CWL Implementation based on this tool http://compbio.med.harvard.edu/BIC-seq/ and this cluster implementation: https://github.com/ding-lab/BICSEQ2
Runs cnv tool following http://compbio.med.harvard.edu/BIC-seq/ and general workflow from https://github.com/ding-lab/BICSEQ2. Params generally agreed upon through email correspondence with collaborating group. Generates a .CNV
merged file and tar ball with png illustration per chromosome.
Version 0.2.4, normalizes read counts from count step
Version 0.7.2, calculates copy number change based on normalized results.
inputs:
input_tumor_align: {type: File, secondaryFiles: ['.crai']}
input_normal_align: {type: File, secondaryFiles: ['.crai']}
reference: {type: File, secondaryFiles: [.fai]}
ref_chrs: {type: File, doc: "Tar gzipped per-chromosome fasta"}
t_rlen: {type: int, doc: "Max read length allowed, tumor sample. Recommend max possible read len minus 1"}
n_rlen: {type: int, doc: "Max read length allowed, normal sample. Recommend max possible read len minus 1"}
t_interval_list: {type: File, doc: "Can be bed or gatk interval_list, used as mappability file for tumor"}
n_interval_list: {type: File, doc: "Can be bed or gatk interval_list, used as mappability file for normal"}
output_basename: string
reference: Homo_sapiens_assembly38.fasta
ref_chrs: GRCh38_everyChrs.tar.gz
interval_list: GRCh38.d1.vd1.fa.150mer.merged.bed or hg38_100bp_gem_mm2_mappability.merged.bed
outputs:
per_chrom_png: {type: File, outputSource: tar_per_chrom_results/per_chrom_png}
merge_cnv_results: {type: File, outputSource: tar_per_chrom_results/merged_chrom_cnv}
In the event that you need to create mappability files, you can use these tools to do so. The output is a merged and sorted bed file that one can use to seprate by chr, using only starts and ends as bic-seq2 prefers. The workflow above already converts the bed into that format.

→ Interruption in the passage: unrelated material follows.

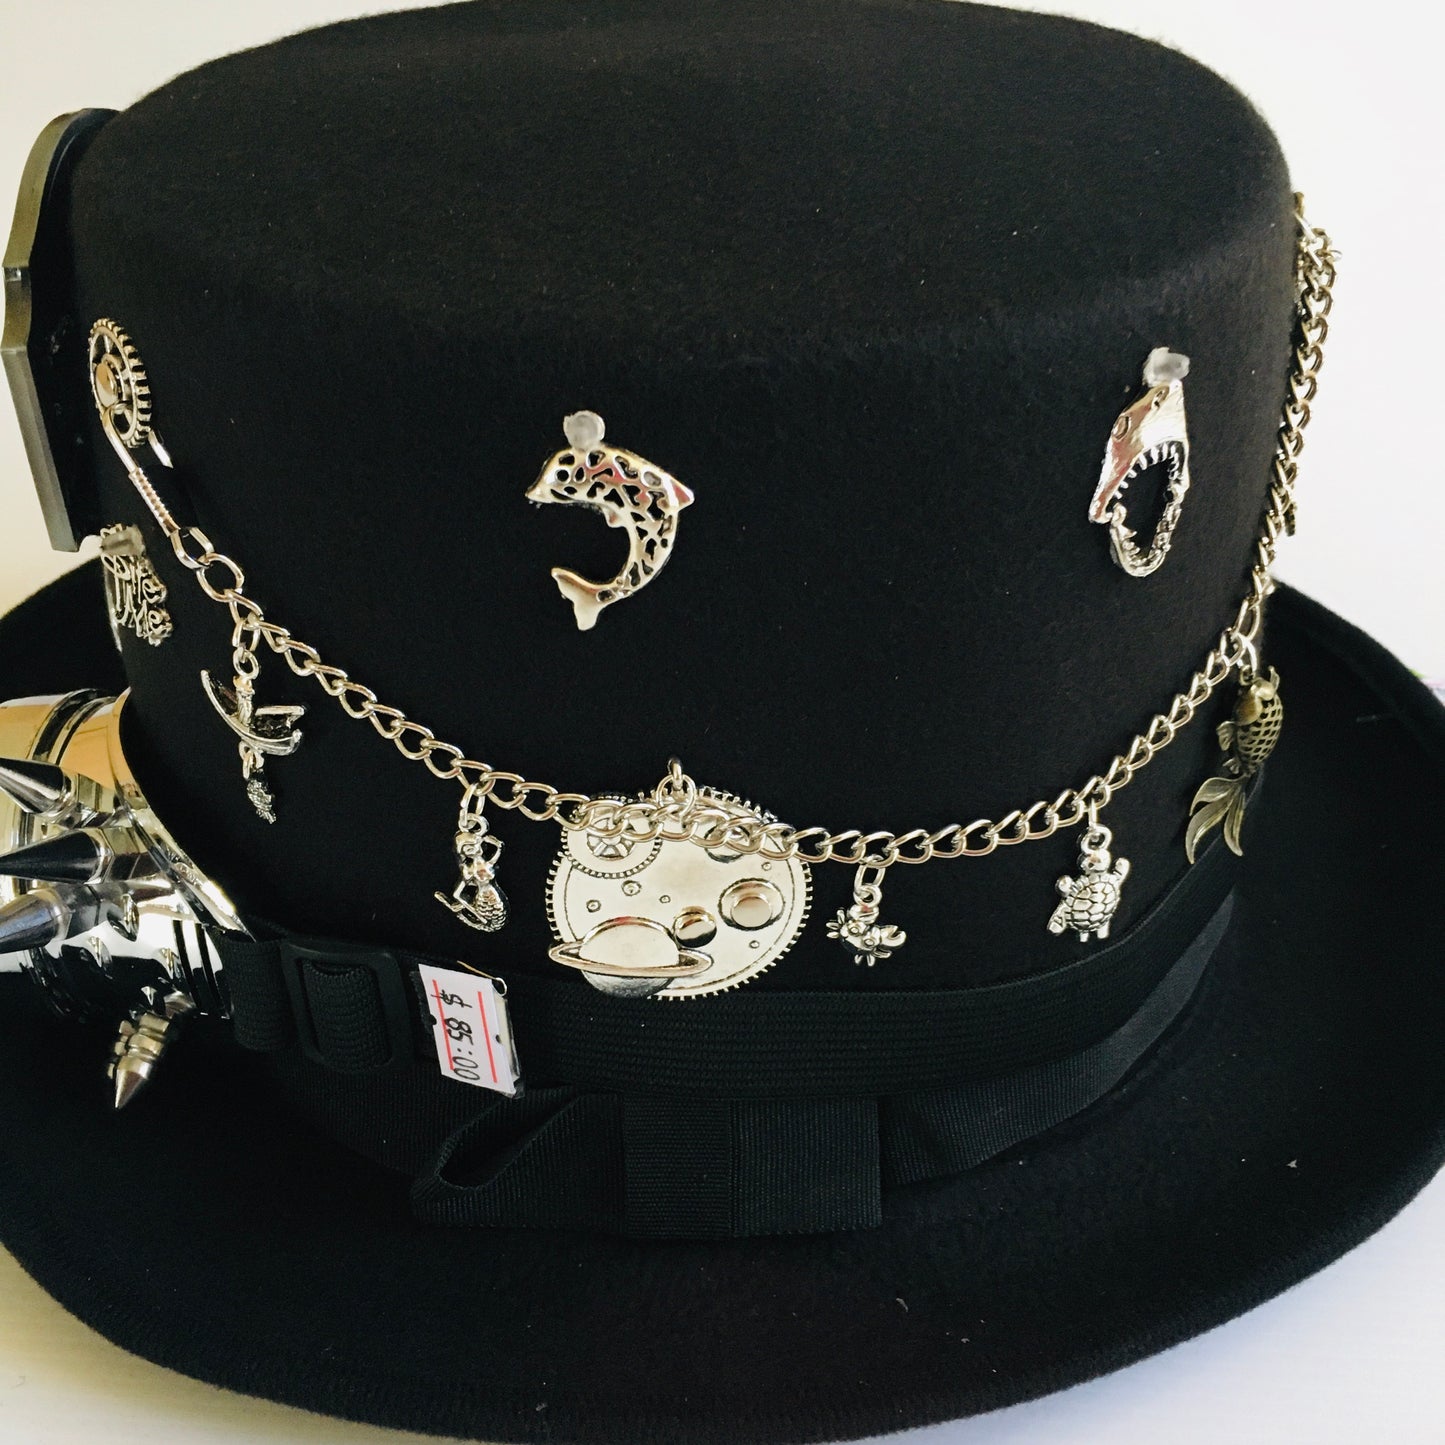 Steampunk Style Top Hat with  Fishing Belt Buckle and silver spiked  goggles (Item #42)

Runs index and mappability steps.
Inputs:
inputs:
canonical_fasta: {type: File, doc: "Fasta file with just chr1-22, XY"}
bp_len: {type: int, doc: "bp length to generate mappability file for. Corresponds with max input read length"}
Outputs:
outputs:
mappa_files: {type: 'File[]', outputSource: gem_gen_mappability/mappa_file}
gem_files: {type: 'File[]', outputSource: gem_create_indices/gem_index}
Uses above outupts to create merged bed mappability file
Inputs:
inputs:
gem_files: {type: 'File[]', doc: ".gem index file array"}
mappa_files: {type: 'File[]', doc: "mappability output files"}
output_basename: string
Outputs:
outputs:
converted_map:
type: File
outputBinding:
glob: '$(inputs.output_basename).merged.bed'
Takes a fasta file and fasta index file and creates per-chromosome gem indexes. Could do as a whole, but next steps are cumbersome. Best to split.
Uses gem indexes and base pair length to generate a mappability file, with mismatch set to 2 as recommended by collaborators.
Uses above outputs and converts to a single bed file, filtering on mappability value of 1 only.